- COLLECTED DATA
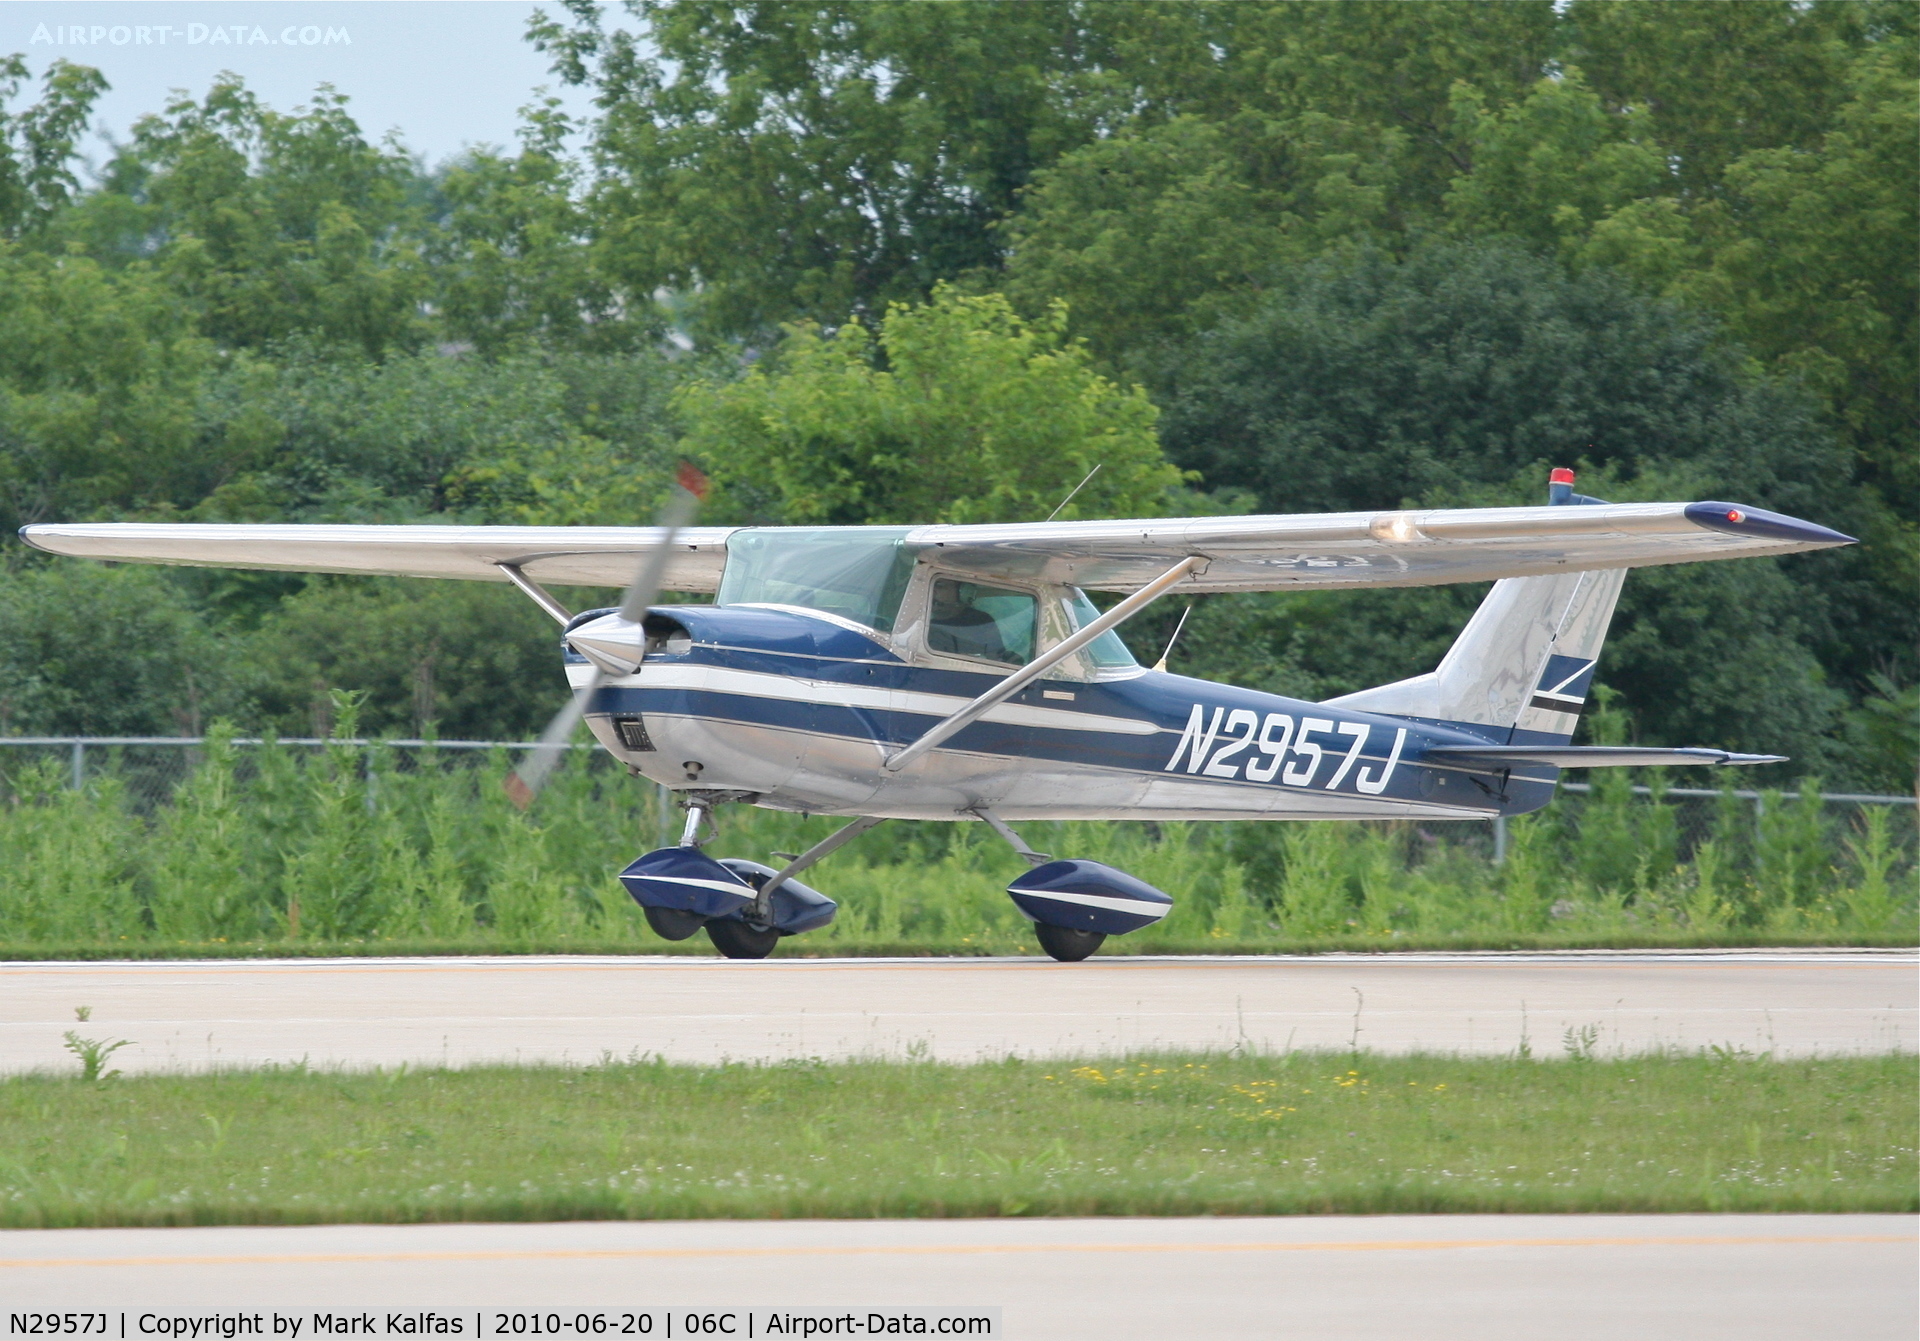 N2957J, 1966 Cessna 150G C/N 15065757, Cessna 150G, N2957J, departing RWY 11 06C (Schaumburg, IL).
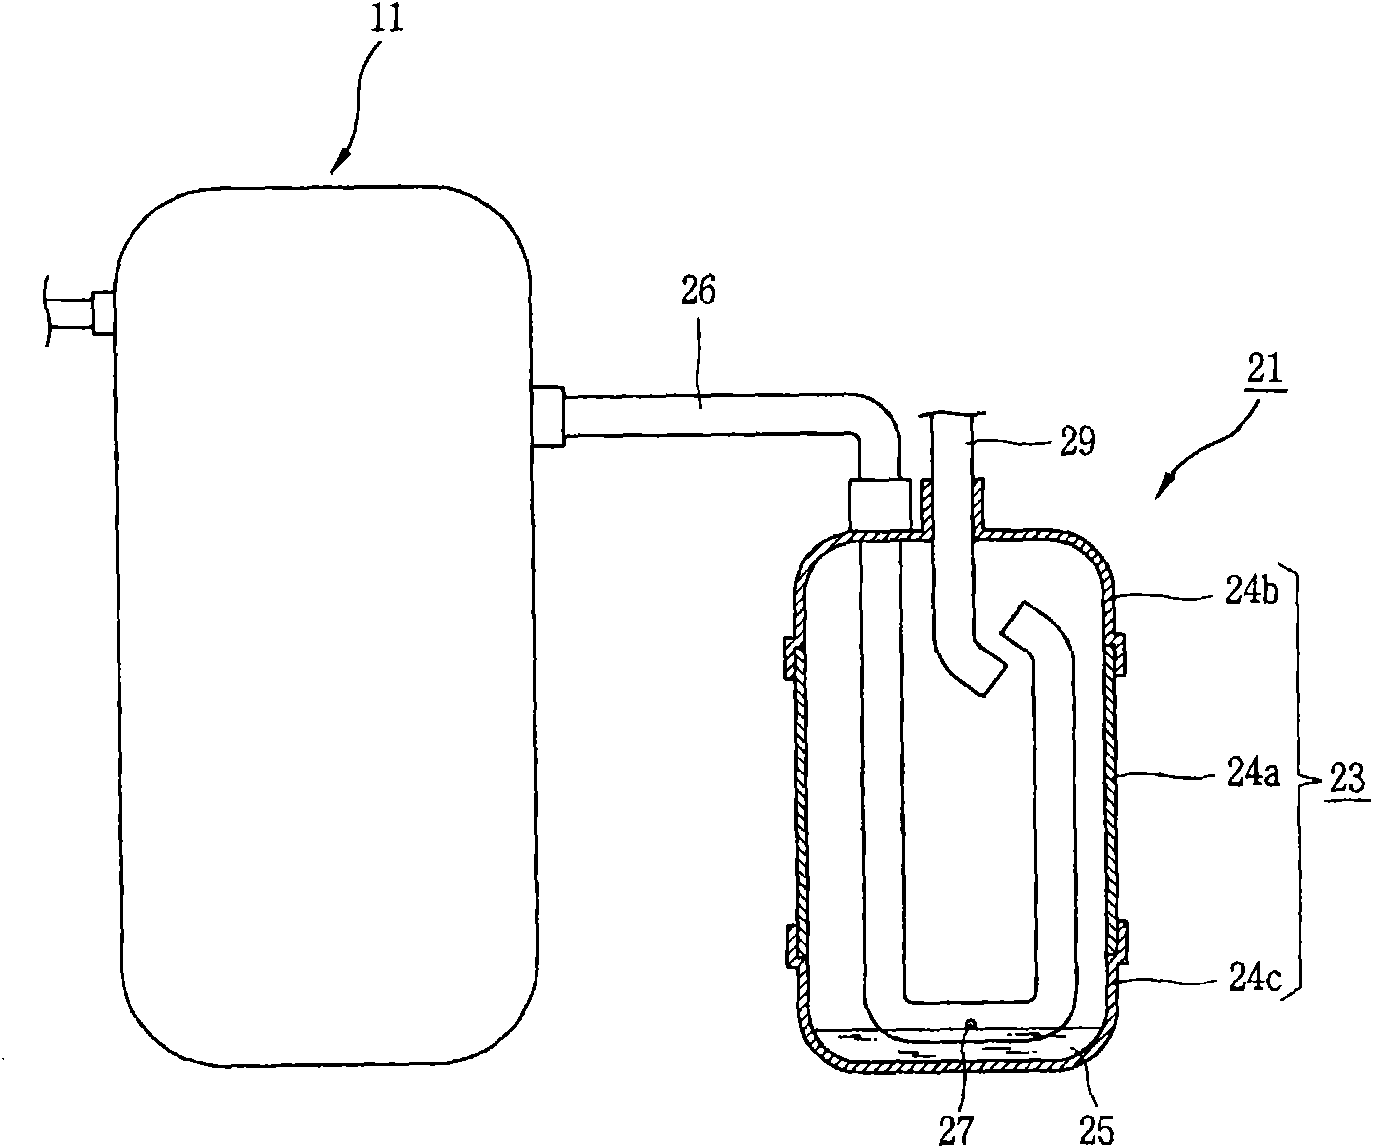 Liquid storage tank with multiple oil return holes
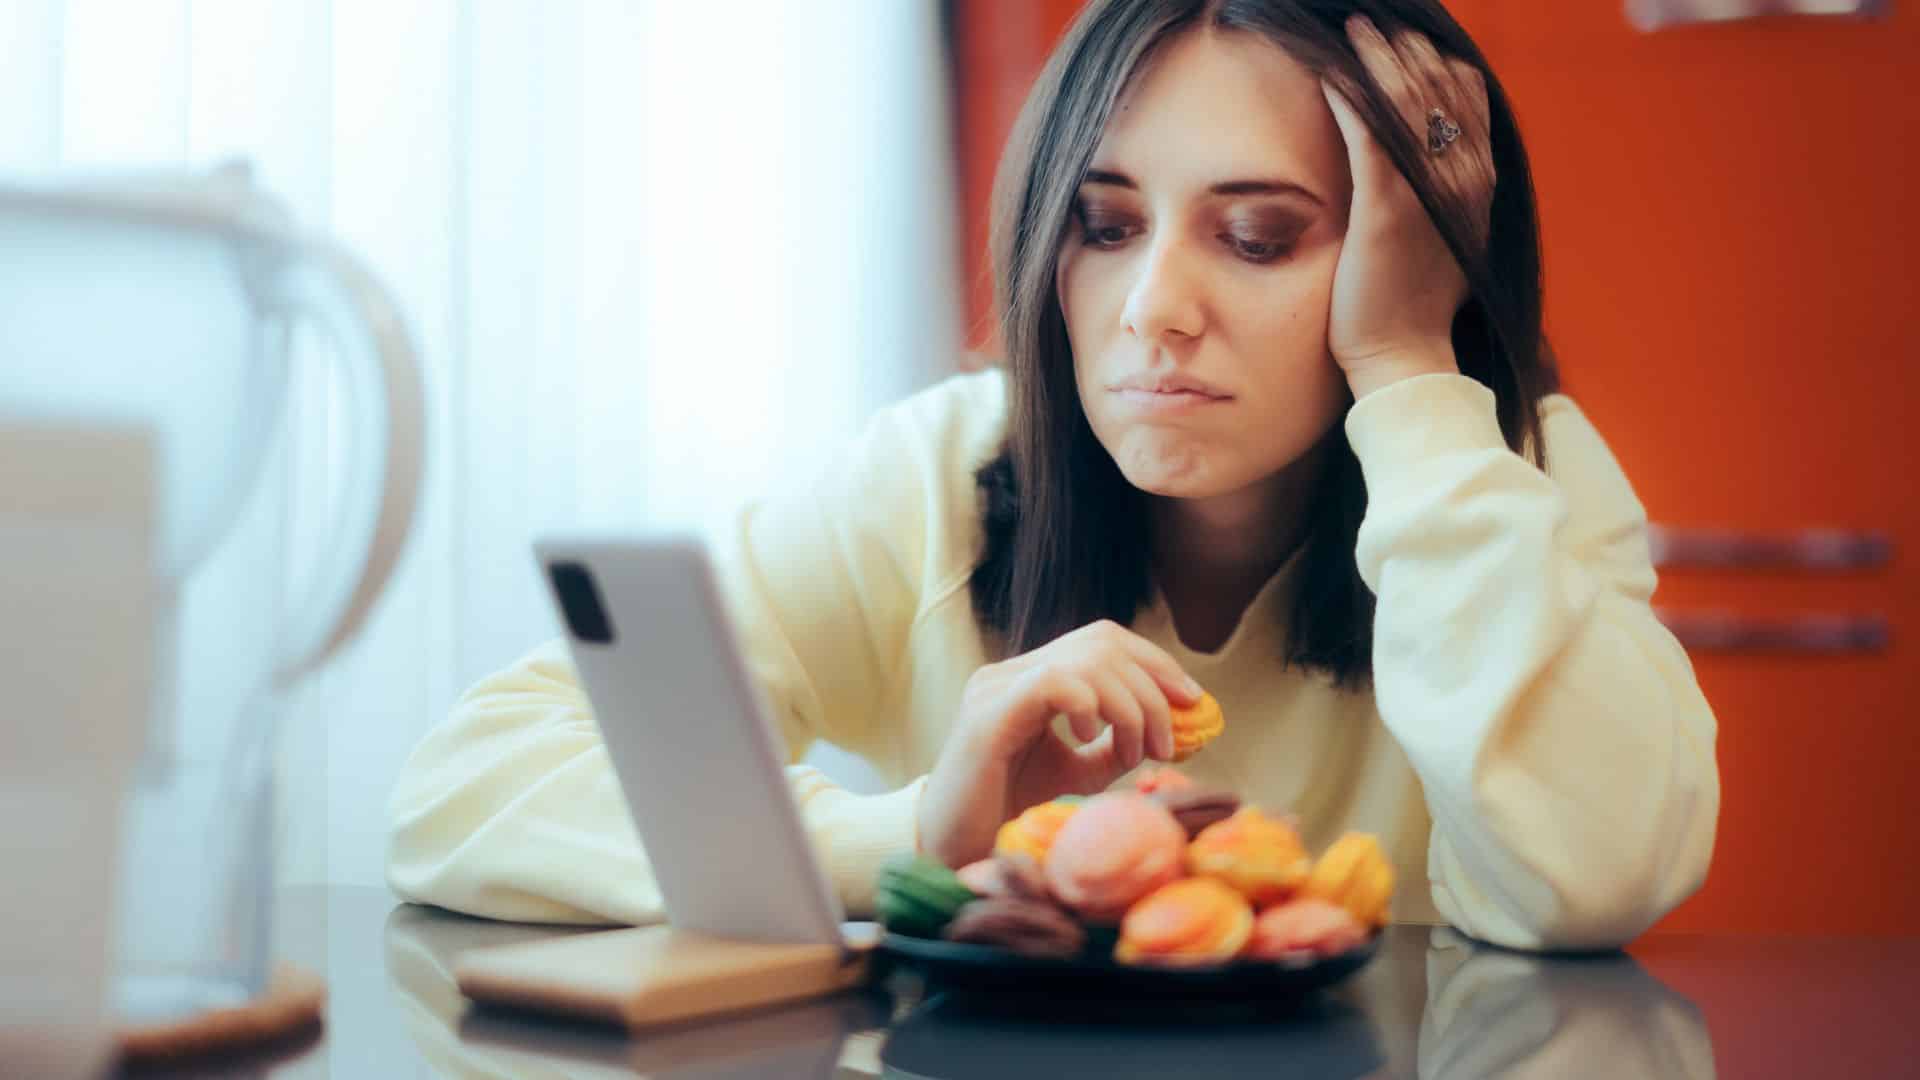 Frau isst Süßigkeiten aus Stress, schaut auf Smartphone
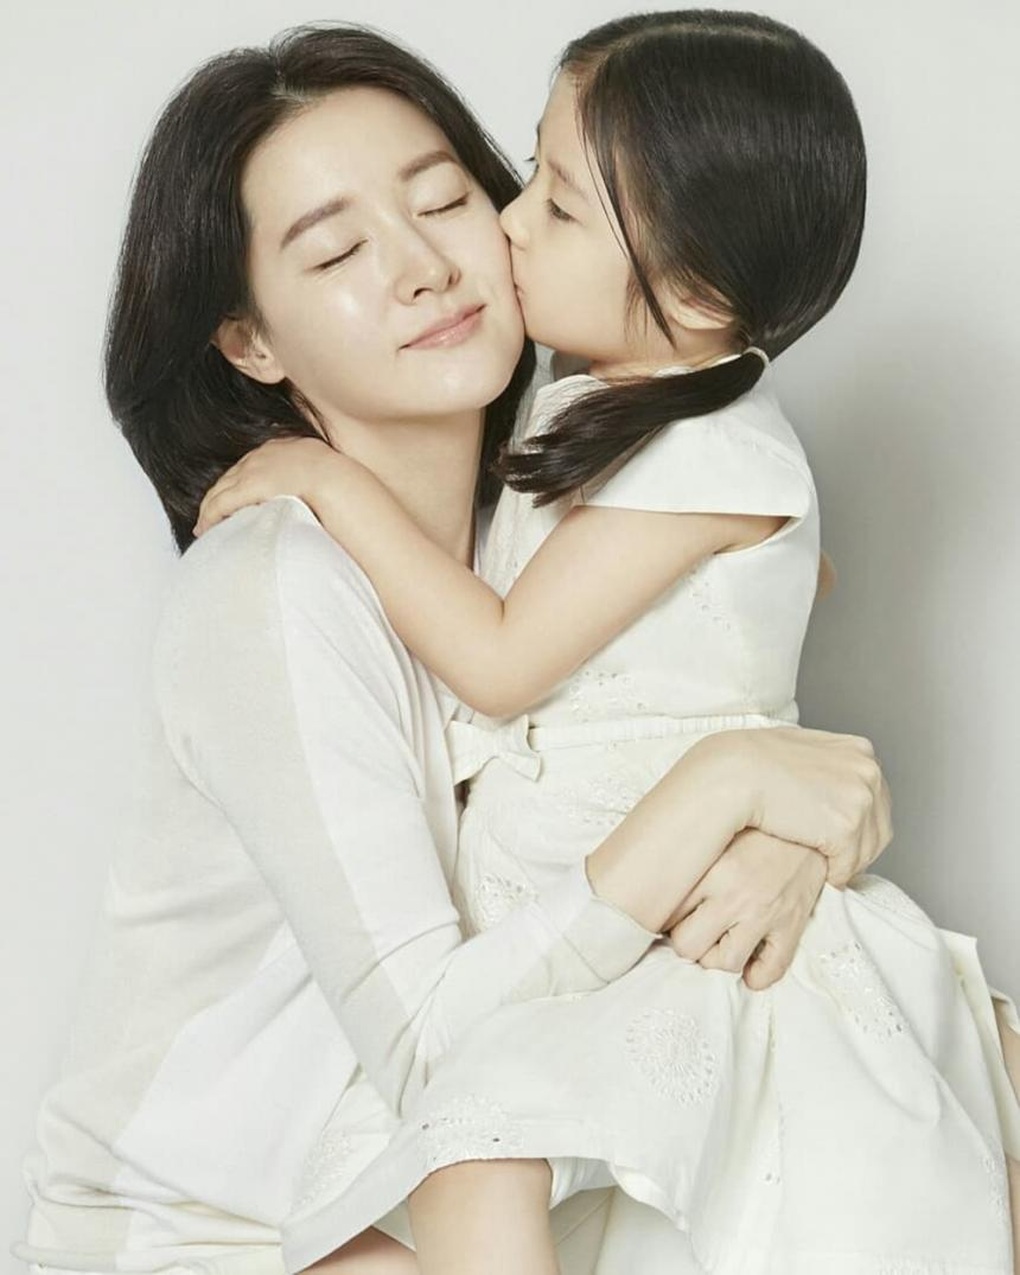 Con gái minh tinh Lee Young Ae: Xinh đẹp như mẹ, có tố chất nghệ thuật - Ảnh 1.

- PROBLEM
What you return should be only the lines from the line with "Frau isst Süßigkeiten" through the last line of the listing above, exactly, both ends included, pictures excluded.

- TASK RESULT
 Frau isst Süßigkeiten aus Stress, schaut auf Smartphone
 Con gái minh tinh Lee Young Ae: Xinh đẹp như mẹ, có tố chất nghệ thuật - Ảnh 1.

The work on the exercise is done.